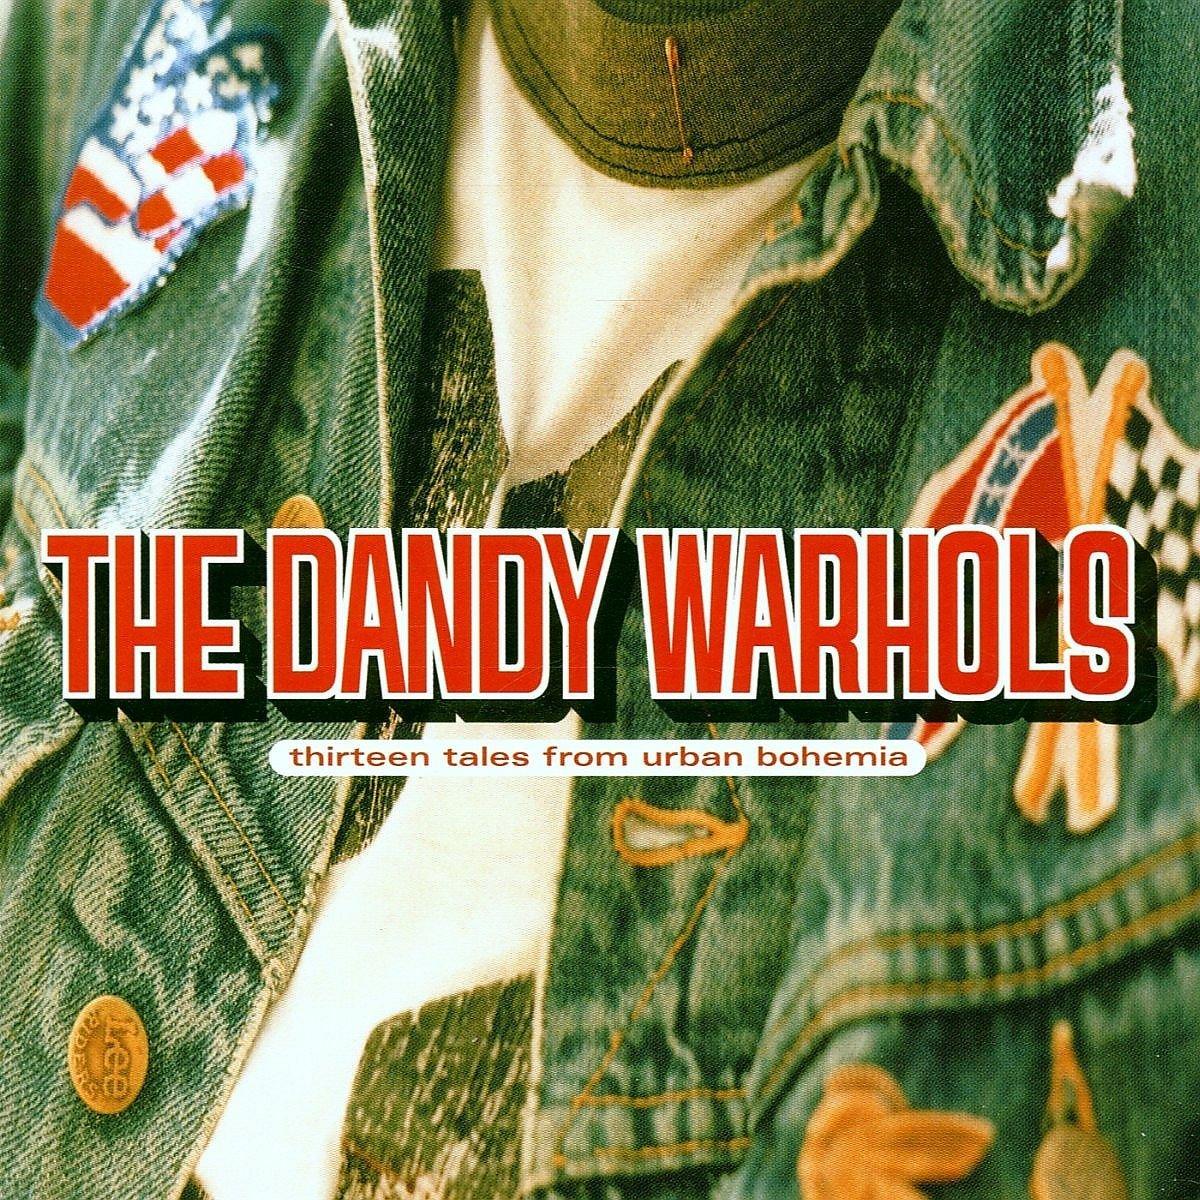 The Dandy Warhols - Tales From Slabtown
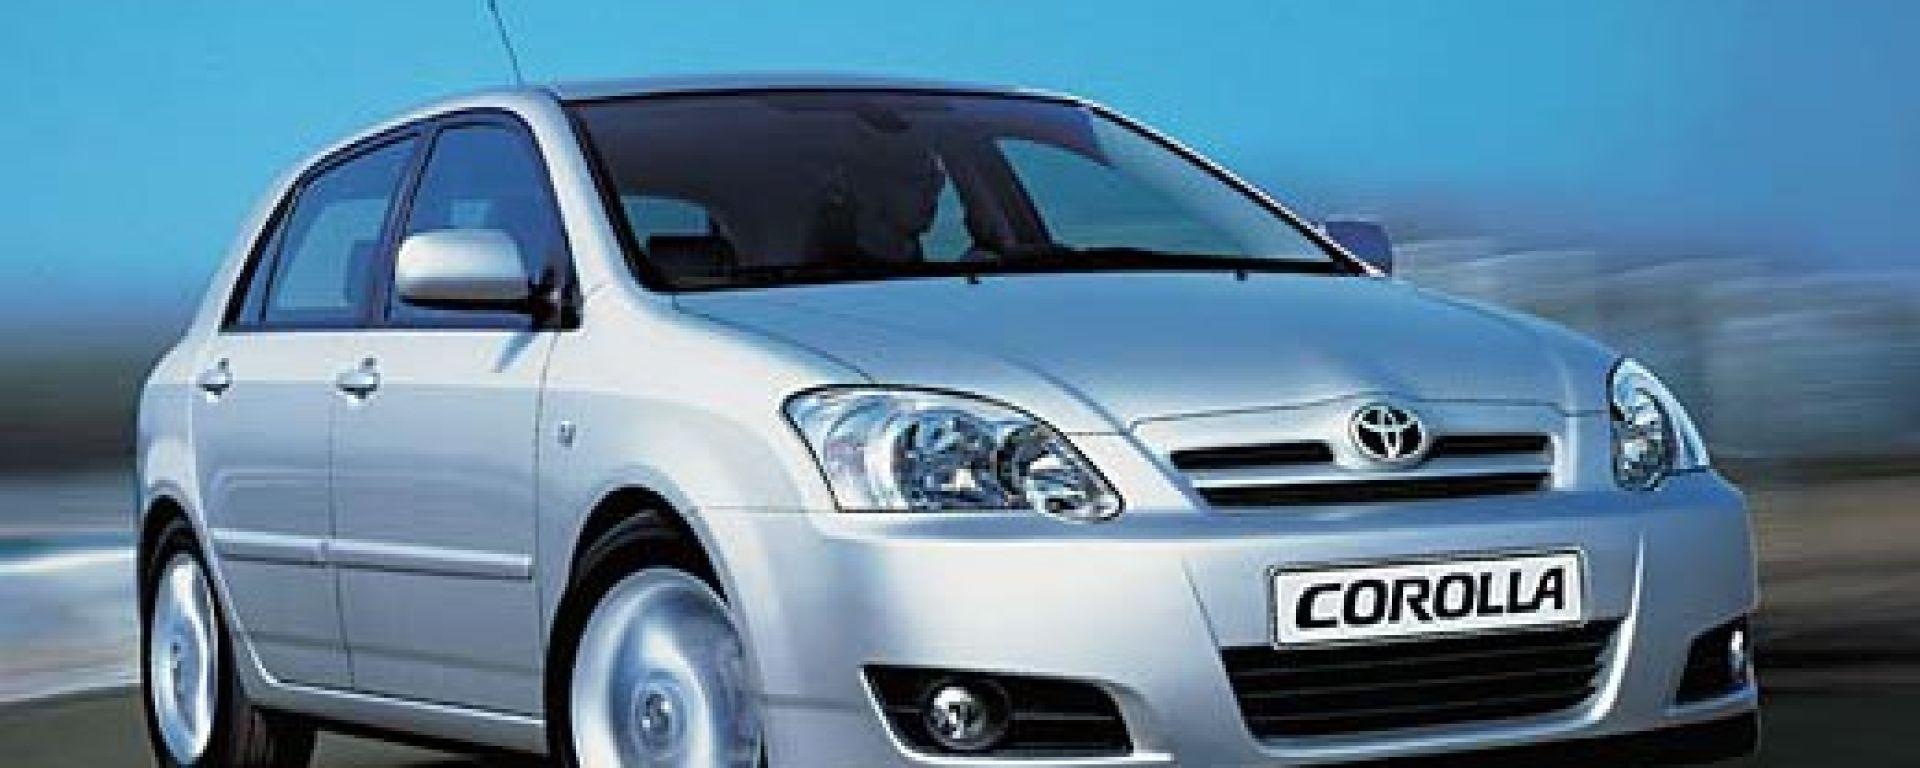 Anteprima: Toyota Corolla 2004
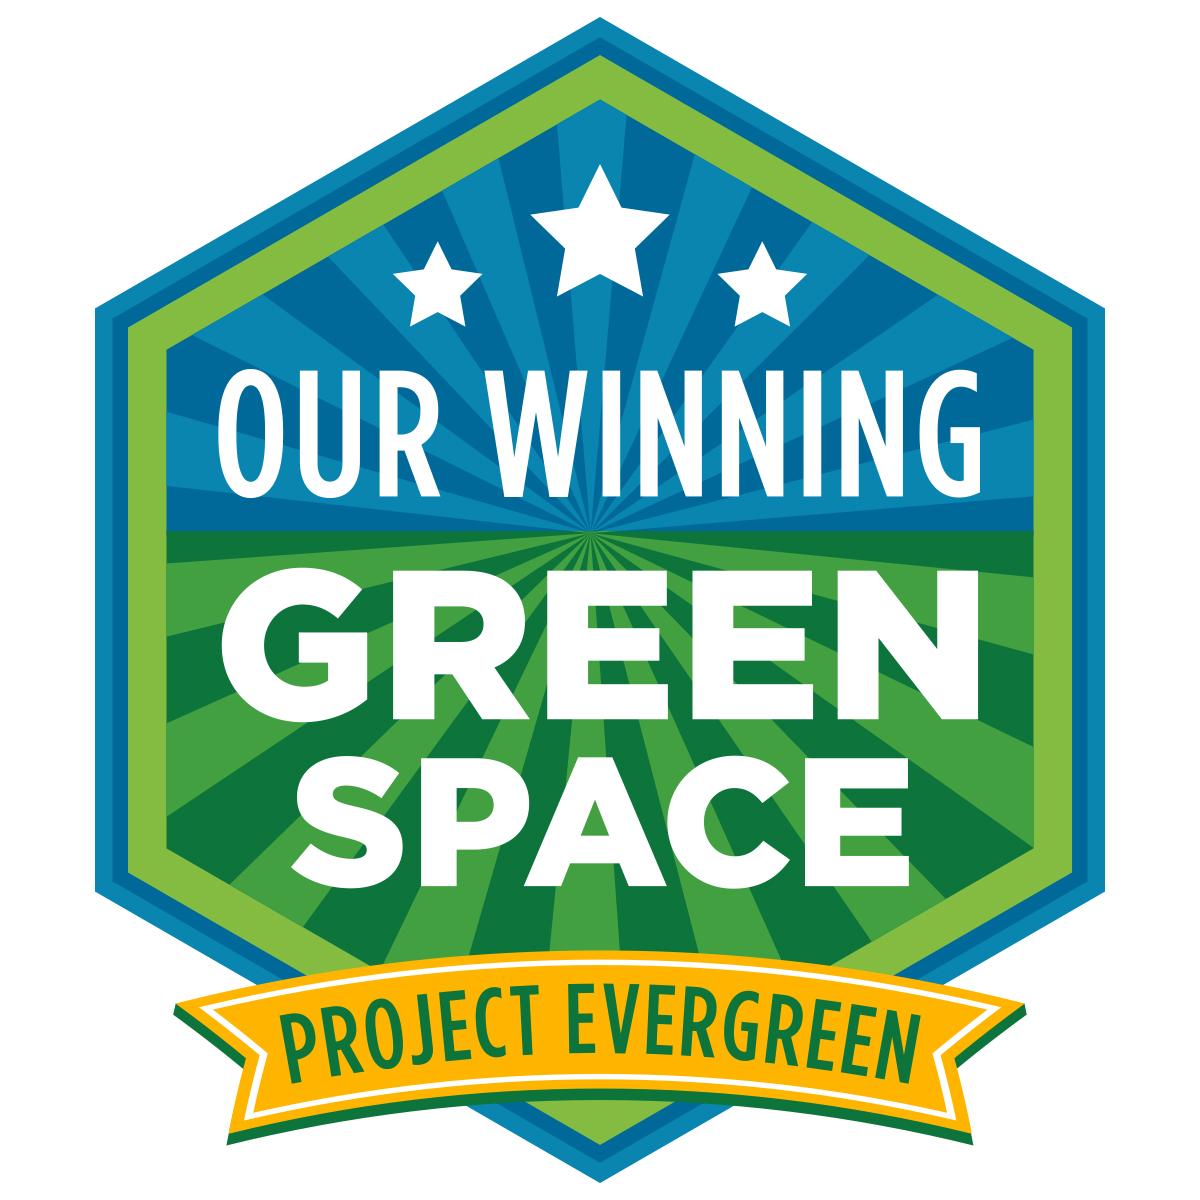 MyWinning-GreenSpace-logo.jpg
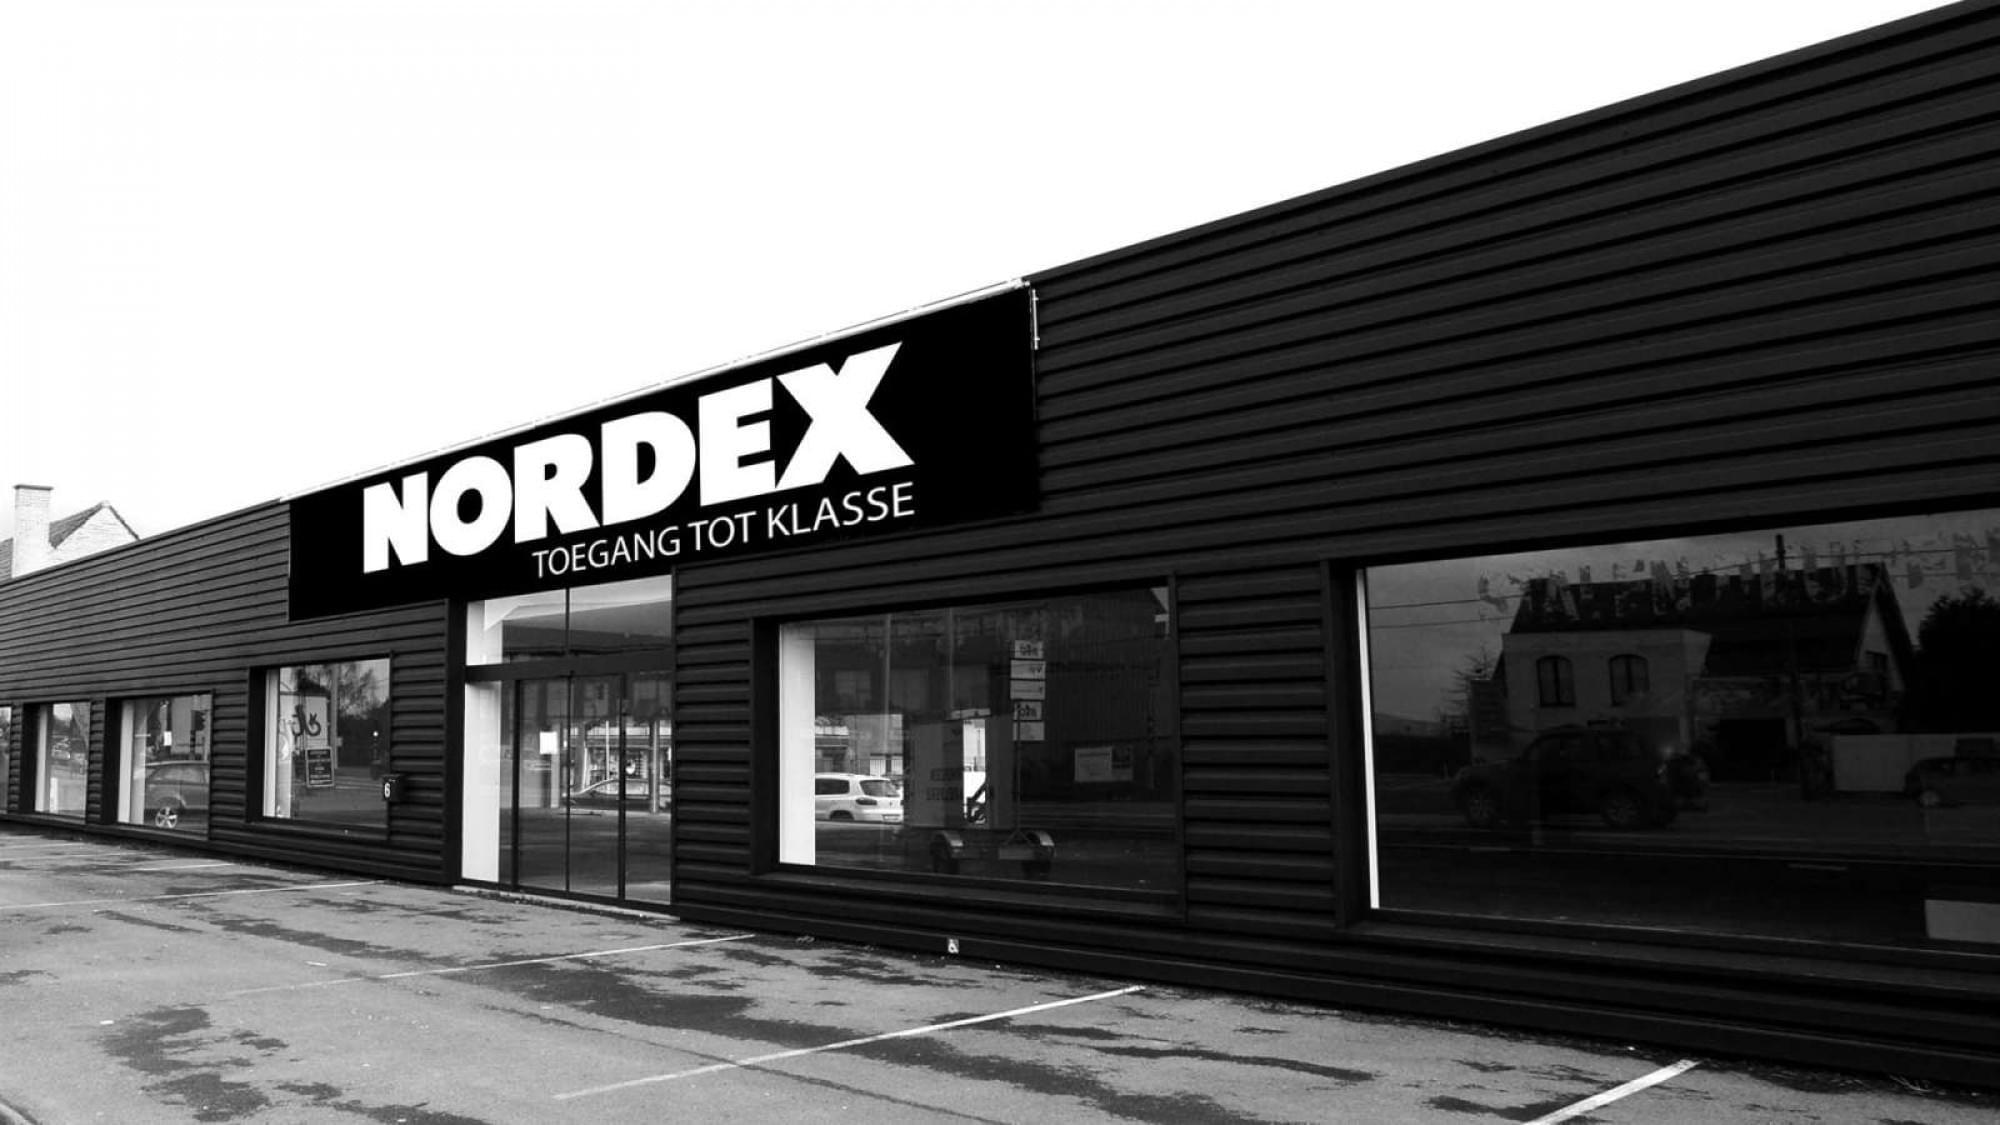 4883-nordex-aalter-childxl
====
Write out the line that contains "Anteprima: Toyota Corolla 2004" and every line after it to the end of the data, exactly as they stand. Omit the pictures.

 Anteprima: Toyota Corolla 2004
 MyWinning-GreenSpace-logo.jpg
 4883-nordex-aalter-childxl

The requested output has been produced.